Golden Kamuy is a Japanese anime series based on the manga of the same name  written and illustrated by Satoru Noda. The anime television series adaptation is produced by Geno Studio. It is directed by Hitoshi Nanba and written by Noboru Takagi, with music by Kenichiro Suehiro, art direction by Atsushi Morikawa, and CG direction by Yuuko Okumura and Yasutaka Hamada. Kenichi Ohnuki is adapting the character designs for animation, while Koji Watanabe designs firearms, Shinya Anasuma designs the props, and Ryō Sumiyoshi designs the animals. Like with the manga, Hiroshi Nakagawa, an Ainu language linguist from Chiba University, works on the anime as an Ainu language supervisor.
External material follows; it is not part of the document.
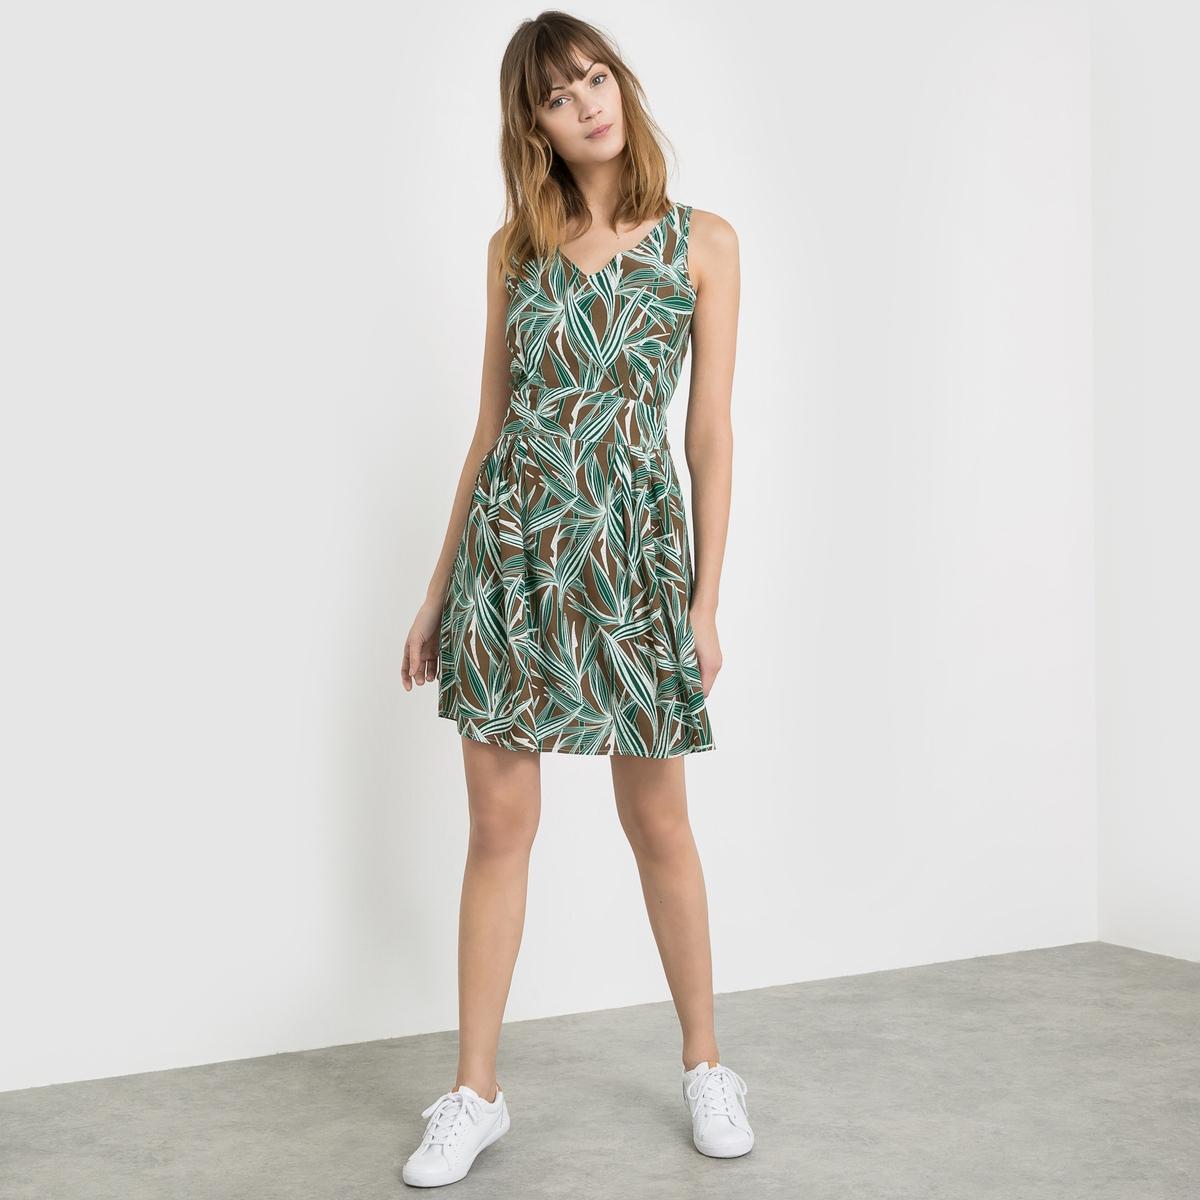 Платье из струящейся ткани без рукавов с рисунком листья, V-образным вырезом и вставкой сзади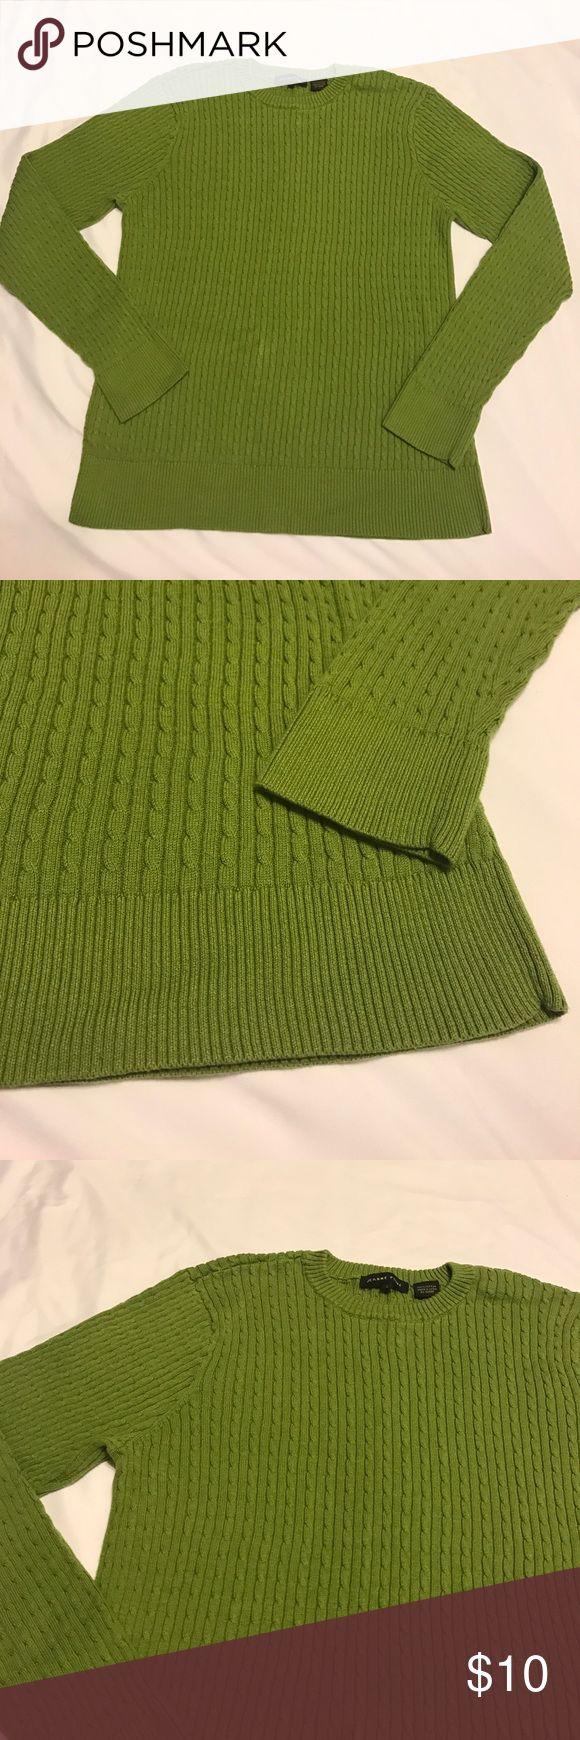 Jeanne Pierre sweater size large Great condition.... made by Jeanne Pierre... size large...100% cotton jeanne pierre Sweaters

The first season aired from April 9, 2018 to June 25, 2018 on Tokyo MX, ytv, STV, and BS11. A second season aired from October 8, 2018 to December 24, 2018. A third season has been announced and aired from October 5 to December 21, 2020. A fourth season has been announced. Brain's Base is producing the season, replacing Geno Studio. Shizutaka Sugahara is serving as the chief director, and Takumi Yamakawa is designing the characters. Noboru Takagi is returning to write the scripts.  The season is set to premiere on October 3, 2022.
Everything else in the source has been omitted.